An electron capture detector most often uses a radioactive source to generate electrons used for ionization. Some examples of radioactive isotopes used are ^{3}H, ^{63}Ni, ^{85}Kr, and ^{90}Sr. The gas in the detector chamber is ionized by the radiation particles. Nitrogen, argon and helium are common carrier gases used in the ECD. Argon and helium need to be combined with another gas, such as methane, in order to prevent immediate conversion into metastable ions. The combination will extend the lifetime of the metastable ions (10^{−6} seconds). The methane will cool the electrons during the collisions. The addition of methane will enhance the ability to form negative ions under high pressure because it will adjust the thermal energy to be similar to the energy distribution of the ions. Methane is the most common gas used because it can produce many positive ions when it collides with electrons.
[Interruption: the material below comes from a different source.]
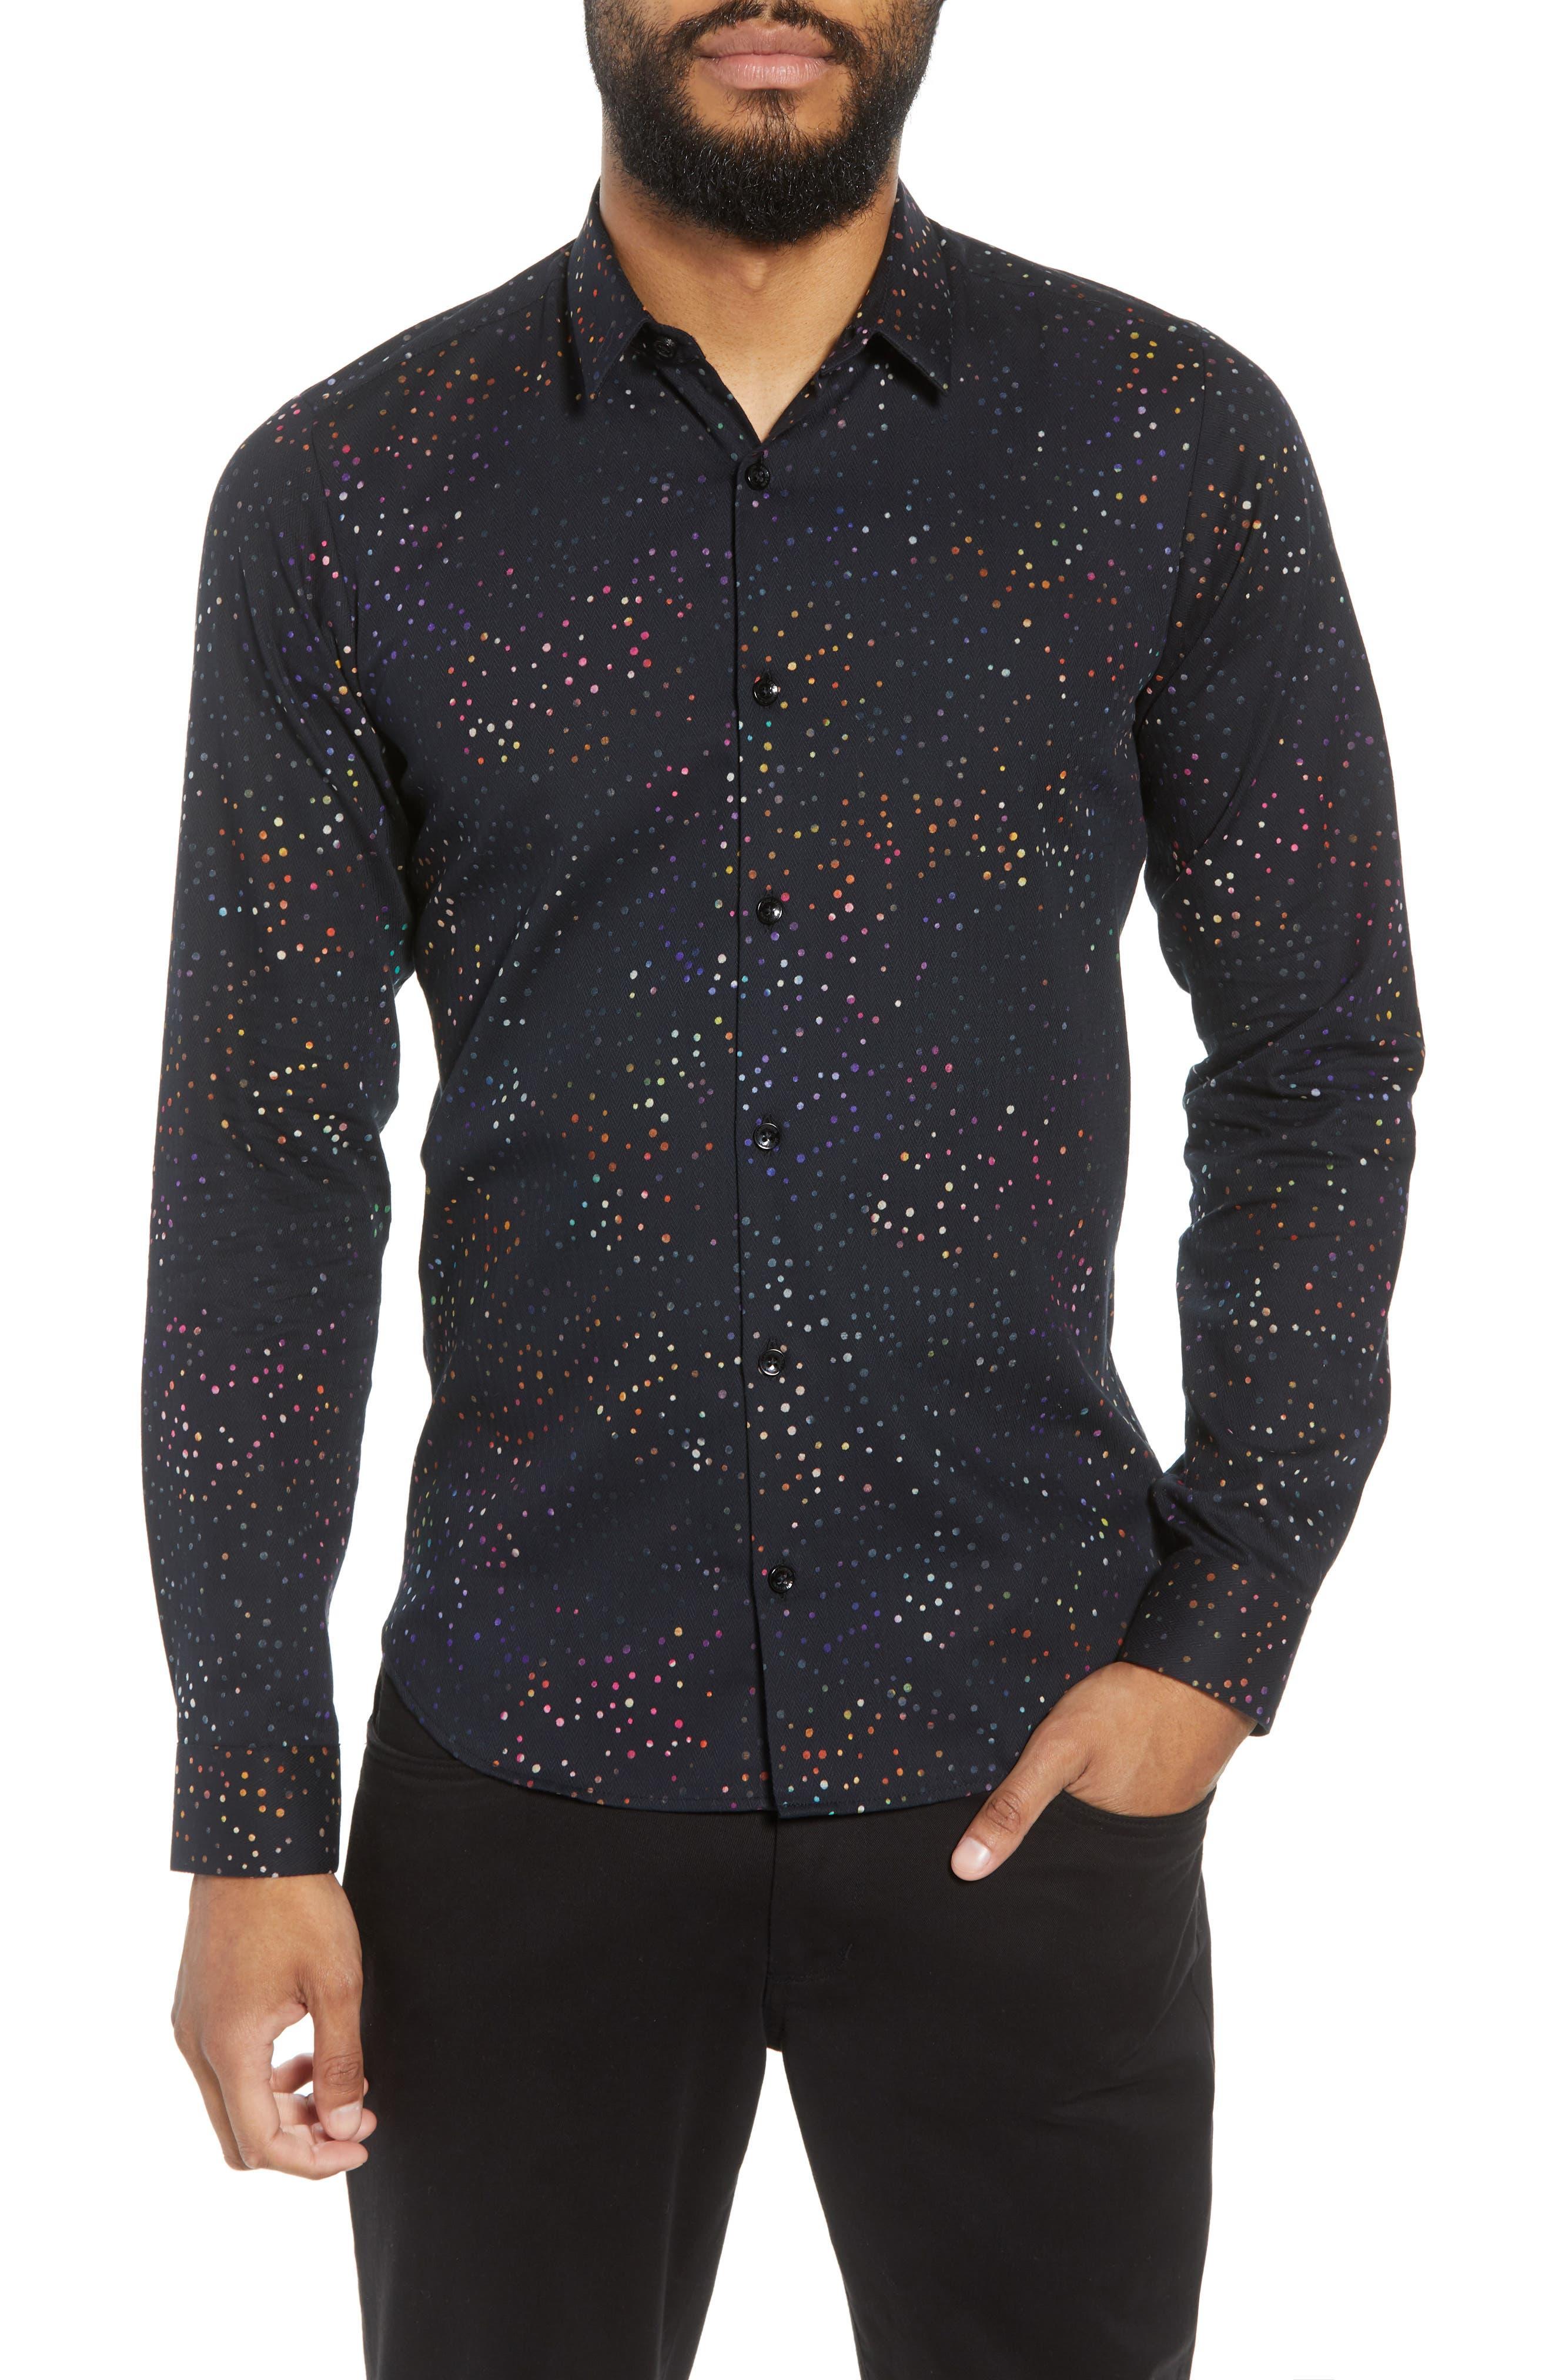 JARED LANG Dot Herringbone Sport Shirt, Main, color, BLACK MULTI COLORED DOTS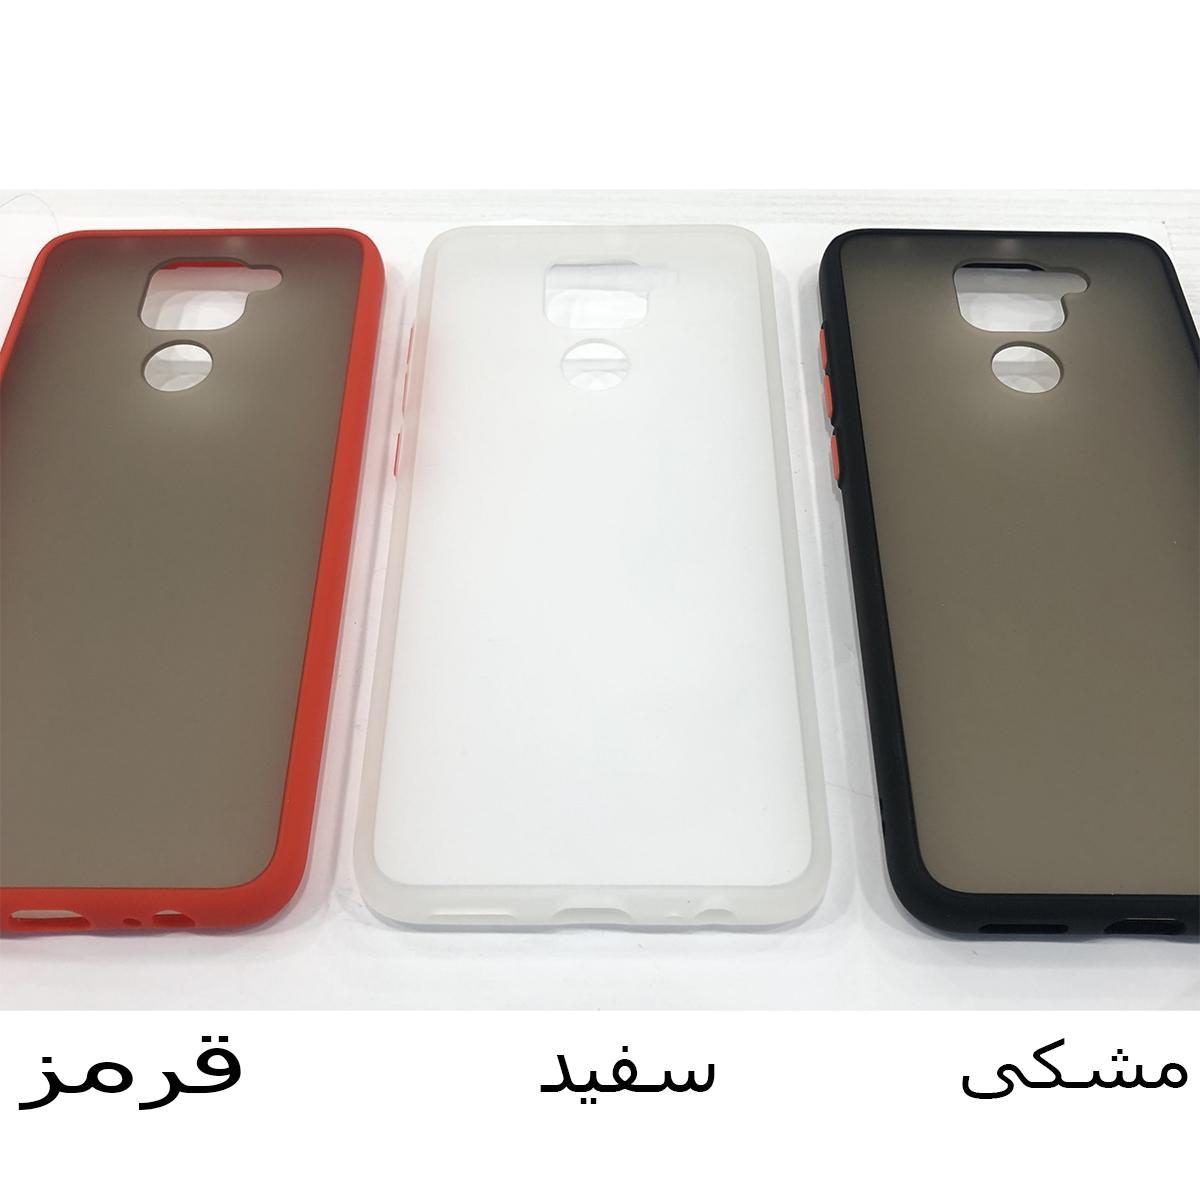 کاور مدل CS-001 مناسب برای گوشی موبایل شیائومی Redmi Note 9 thumb 2

These positive ions will then form low energy electrons used for ionization:
2CH4+ + 2e^- -> CH4+ + CH3+ + H + \underbrace{2e^-}_{(secondary)} + \underbrace{2e^-}_{(primary)}
An ECD is used in some gas chromatography systems.

==Applications==
EC-MS (Electron-capture mass spectrometry) has been used for identifying trace levels of chlorinated contaminants in the environment such as polychlorinated biphenyls (PCBs), polychlorinated dibenzo-p-dioxins (PCDDs) and dibenzofurans (PCDFs), and other polychlorinated compounds. Pesticide derivatives, nitrogen containing herbicides, and phosphorus-containing insecticides have also been detected in EC-MS.

Bile acids can detected in various body fluids by using GC-EC-MS. Oxidative damage can also be monitored in trace amounts by analyzing oxidized phenylalanine using GC-EC-MS.

==Advantages==
EC-MS is a sensitive ionization method. Forming negative ions through electron capture ionization is more sensitive than forming positive ions through chemical ionization.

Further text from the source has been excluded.